Jubilation greets Barack Obama's presidential victory

• Crowds danced in the streets, chanting 'Obama! Obama!'
• Civil rights leader hails an America about to turn a page

  • guardian.co.uk,
  • Article history

The victory of Barack Obama in the 2008 presidential race was greeted by scenes of jubilation in the Ebenezer Baptist Church, the place of worship where Martin Luther King Jr preached and which held his funeral in 1968.

Crowds danced in the streets, chanting "Obama! Obama!", passing cars honked their horns and tears flowed liberally. Inside the church, a congregation of about 2,000 African Americans burst into riotous applause, hands aloft, screaming at two large flat screens upon which the results were broadcast.

The explosion of celebration came after hours of tense expectation in which the Ebenezer church had greeted each state won by Obama with mounting noise and expectation. After Obama passed the presidential finishing line, Al Sharpton, the Harlem preacher, addressed the crowd that included several members of the King family, including his son Martin Luther King III and sister Christine King Farris.

"Even in the last days we felt we would never see this hour," Sharpton said. "But there is a God."
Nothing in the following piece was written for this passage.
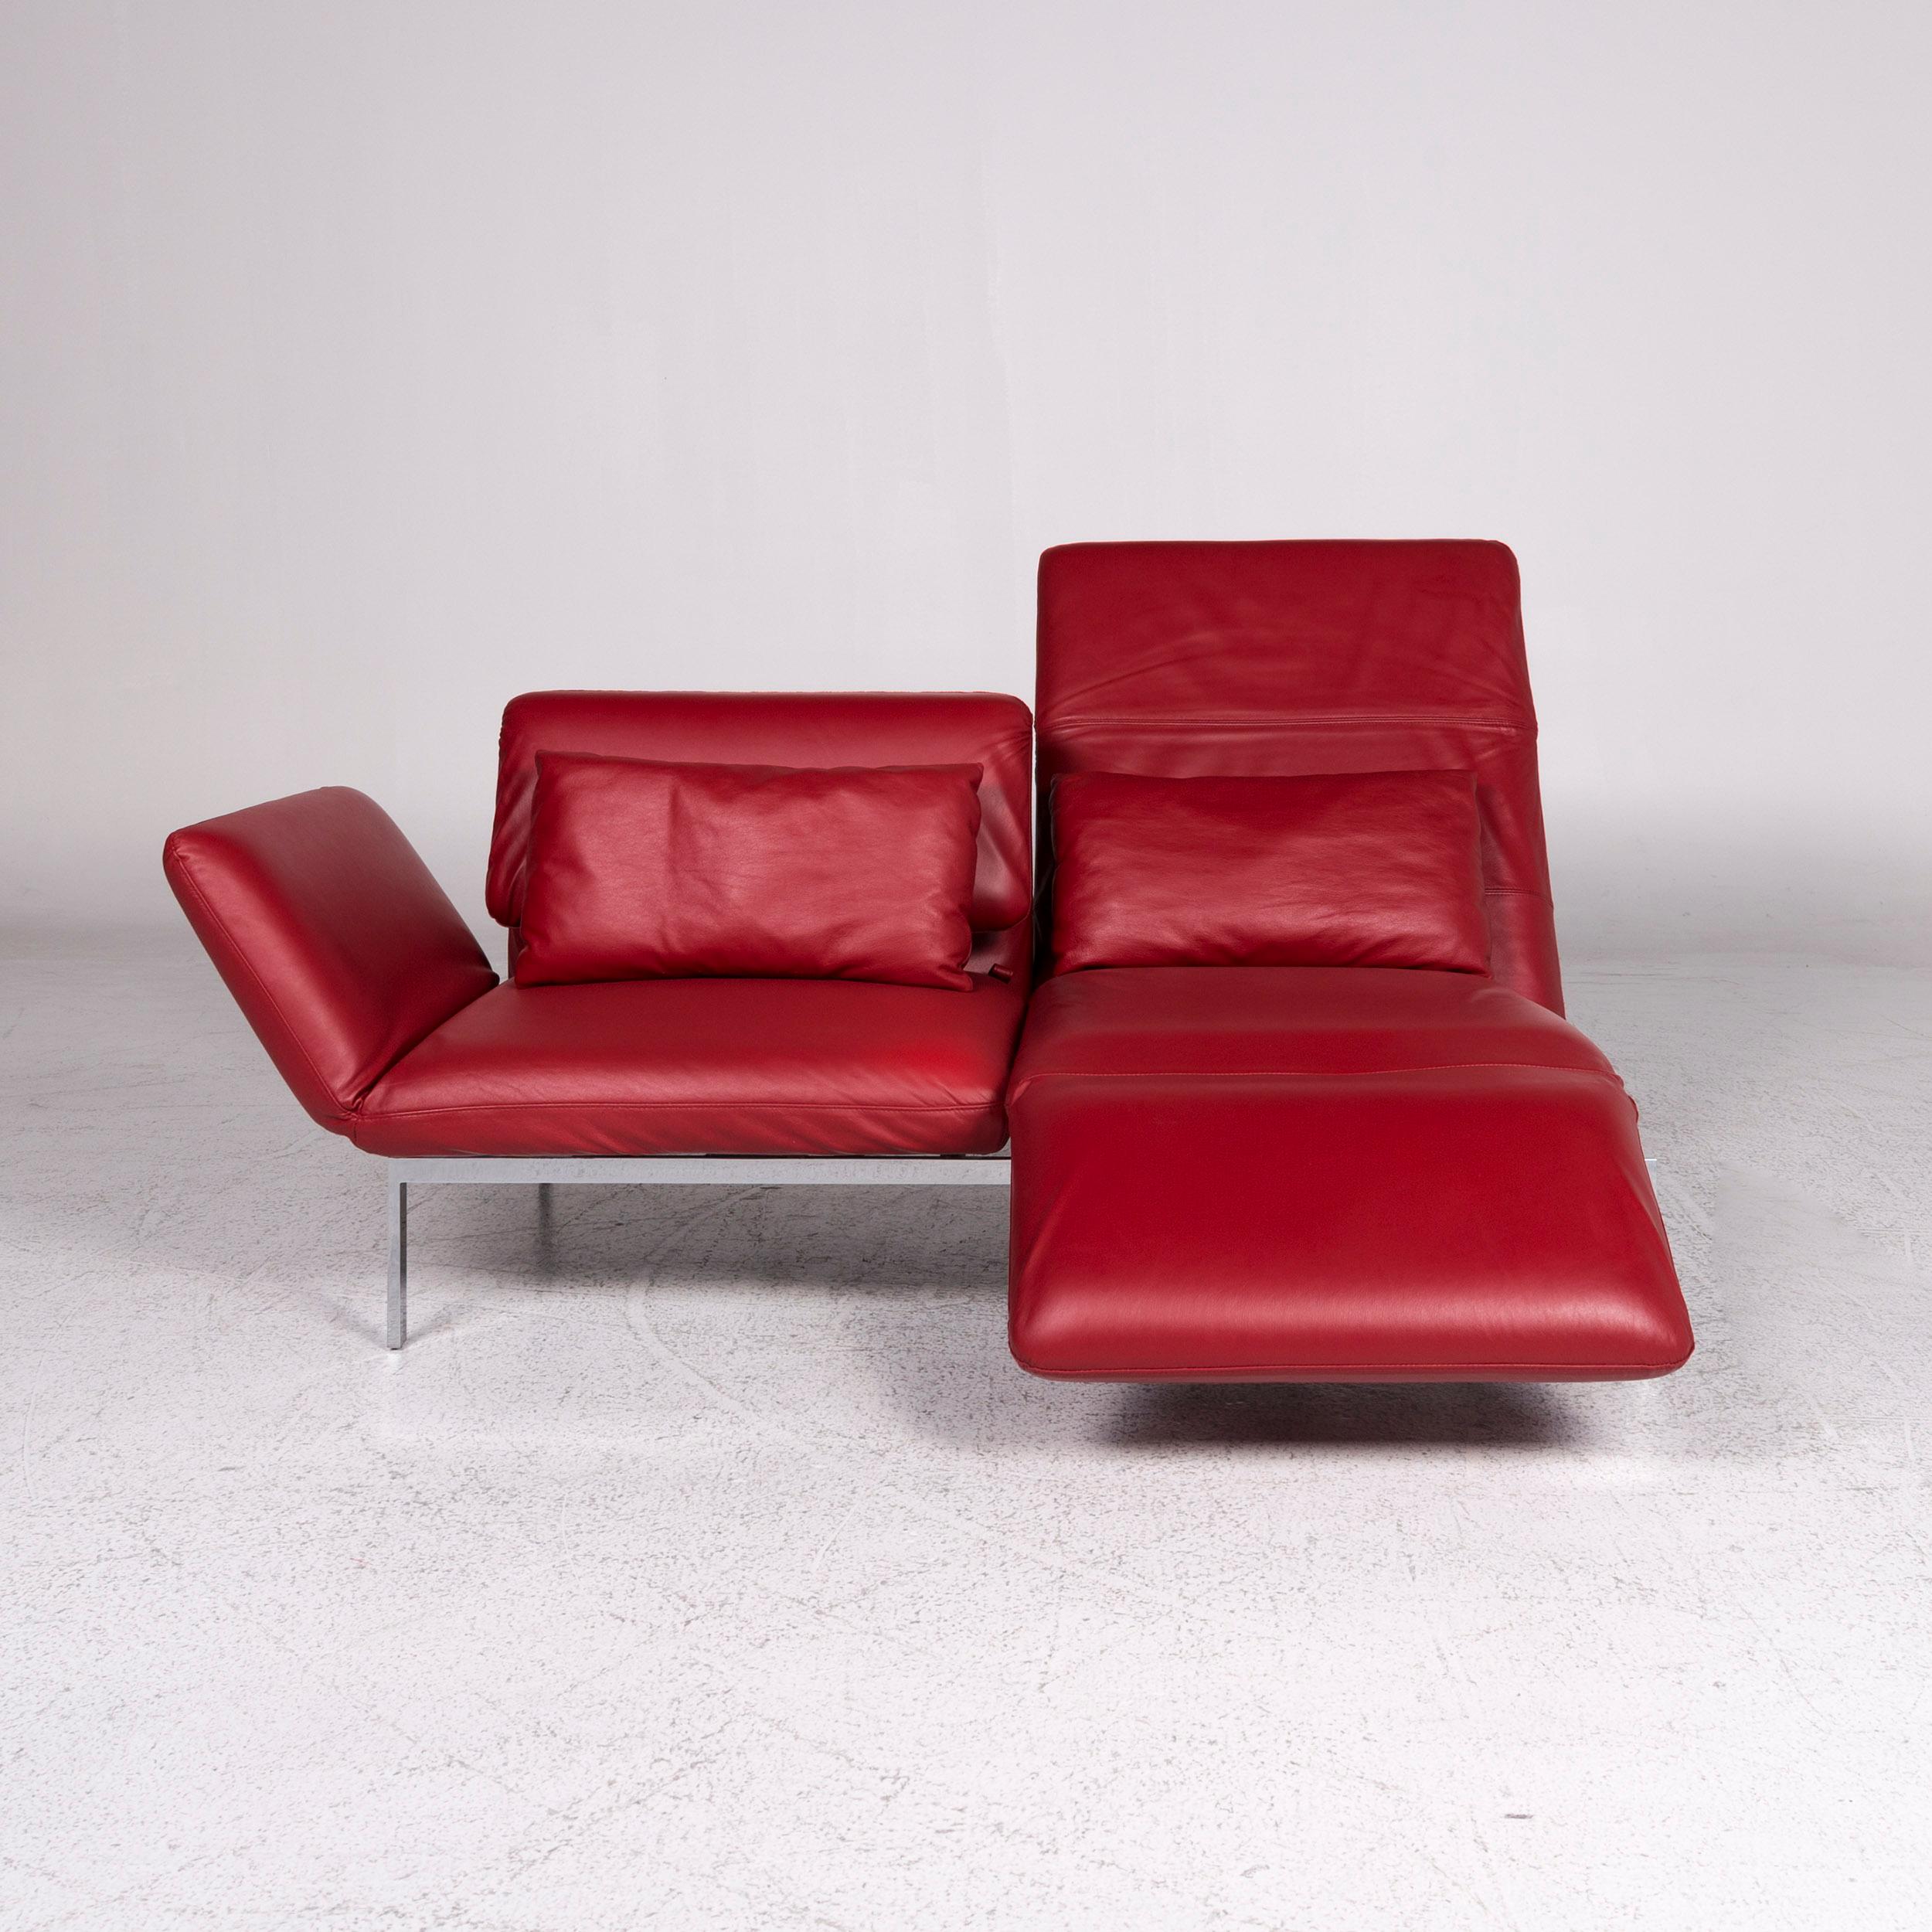 Modern Brühl & Sippold Roro Designer Leather Sofa Red Two-Seat Relax Function Couch

"Yeah!" cried the congregation.

"We are grateful to God and to those who paid the price. Don't you feel glad you came to be here tonight."

"Yeah!" cried the congregation.

"Aren't you glad to be with the King family tonight? There is no better place to tell your grandchildren you were sitting when the dream came into being, than with the family of the dreamers."

Victory for the first African American presidential candidate had been predicted earlier in the evening at Ebenezer church, where Martin Luther King preached between 1960 and his assassination in 1968. King's daughter, Bernice, told the congregation while the night was still young: "I want to flip the script. To those who've been saying 'Yes we can', it's time to say 'Yes we have'."

Echoing her father's famous refrain, "let freedom reign", the preacher continued: "From every place in America, freedom is about to reign as we witness the first president of African-American descent rise in this nation."

Several key figures from the civil rights movement were also present. Andrew Young, the first black ambassador to the UN, who was present at the Lorraine motel in Memphis on April 4 1963 and who witnessed the assassination of Martin Luther King Jr, told the Guardian that the day had been "a victory of grace over greed, of vision over violence.

"I thank Barack and Michelle Obama for delivering this victory to America and the world."

With every new result beamed up by CNN on two giant screens, the congregation exploded in cheering and chants of "Yes we can!" The Ohio result, called at 9.30pm prompted the most dramatic outburst, backed by gospel choir singing "Victory is mine, victory today is mine."

John Lewis, one of the most celebrated civil rights leaders who was beaten senseless during the Selma civil rights march across Pettus bridge in 1965, said the election result would not get America to the promised land, "but it was a down payment on the promised land.

"When I was kicked and left unconscious that day I did not think that I would be standing here witnessing America about to turn a page and make Barack Obama the next president of the United States."